The smell of hot cotton fabric permeates the air. I used to hate ironing. I never could get every crease out. A ready iron in my hands had a tendency to create more problems than I could erase, playing hide and seek with wrinkles until it drove me to despair.
The trick is to iron only cotton fabric, cut into squares . I like the small, well-behaved pieces, the calm way they lay still for me, not like hard to manage shoulder seams that always want to squirm away when you try to hold them flat enough to iron. Simple, unsewn pieces have no curves and strange corners.
I push down on the fabric, slowly drawing the heat across a multitude of tiny blue flowers. The busier the pattern, the less the wrinkles show. Still, I pass the iron over the field of blooms again and again, until the scent of hot cotton lingers, memories of little girl dresses.
I had other plans for this fabric. I can still picture the dress in my mind, the one I imagined when I chose this fabric. But then life happened. Time got away. The white and blue dress was never sewn.
The iron creaks. I never had the money for a good iron, so I made do. There were irons I coveted after. Maybe if I had owned one of those my ironing would have been more successful. Nevermind.
I whisk my palm across the hot fabric, not resting there, always moving, moving. I am going to put this in the shadowbox as a background for the dress.
I barely finished the dress in time. Last babies. You understand. The final embroidered flower was stitched in place while I was in the hospital bed recovering from my fourth c-section, and she was brand new to this world. Silk roses on a baby dress. What nonsense.

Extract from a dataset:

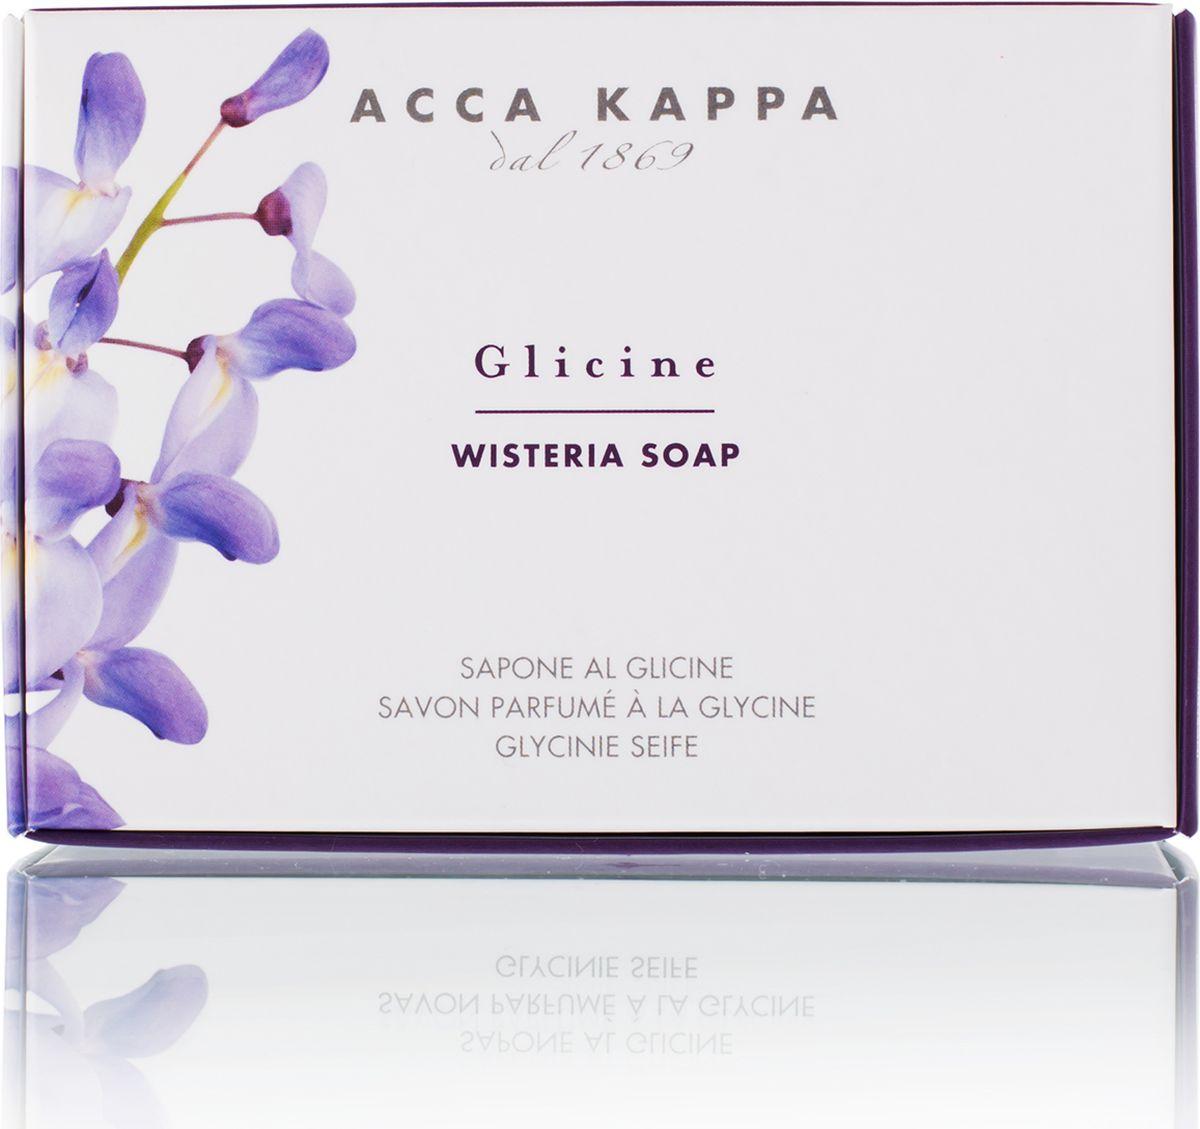 Растительное мыло Acca Kappa Глициния, 150 г853352Растительное мыло Глициния деликатно очищает кожу. Идеально подходит для всех типов кожи. Растительные компоненты получены из кокосового масла и сахарного тростника, прекрасно очищают и увлажняют кожу. Экстракты мелиссы лимонной, омелы, ромашки, тысячелистника и хмеля известны своими противовоспалительными свойствами и превосходно дополняют формулу. Так же мыло обогащено аллантоином растительного происхождения, которое обладает заживляющими свойствами и способствует регенерации клеток. Характеристики:Вес: 150 г. Производитель: Италия.Товар сертифицирован.
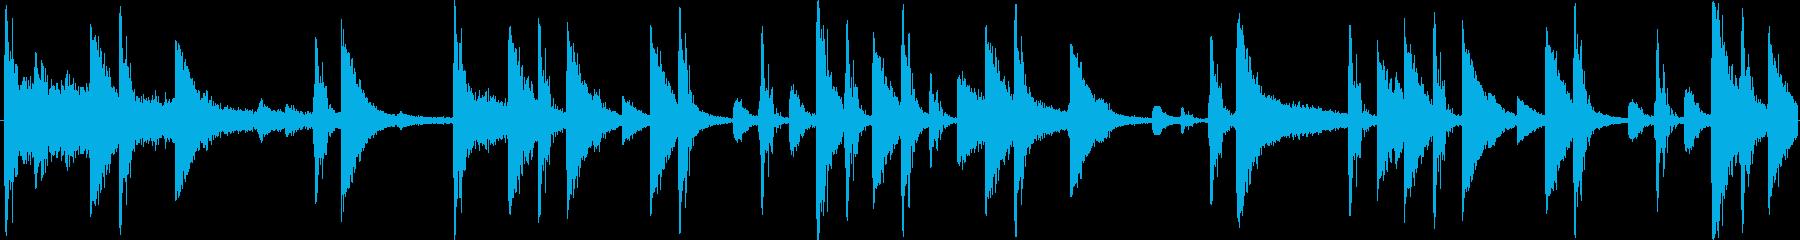 ロックのドラムをイメージした楽曲です。の再生済みの波形

Two of the flowers need repair. I hesitate. Was it really so long ago her hands were small enough to catch the tiny loops and undo all my meticulous work? It was a trial to keep her from unraveling them all. I thread the needle.
White thread and a twist. One, two, three stitches. The thread knots. I take my time and unravel it. When I was younger, I was always in a hurry, leaving snarls and wadded thread behind on the back sides of my stiches, not worried about what didn’t show. I tease out the tangle and leave a clean, smooth stitch behind.
On her way out she breezes by, her fingers lighting on the dress for two, maybe three, seconds as she walks by. She says, “When I have my baby girl, she will have her picture made in this dress.”
I say nothing, because even though we have said this very same thing a thousand times, I can’t say it today.
Not today.
She opens the door, her hand jiggling the keys impatiently. They hit against each other and jangle.
She has one foot out the door when I say, “Text me when you get there.”
The response is automatic. “I will, Momma.” Her mind is elsewhere, on her to do list.
Before I assemble the dress and backing into the shadowbox, I pass the iron over the blue flowered fabric one more time, breathing in the smell of hot cotton meant for little girl dresses.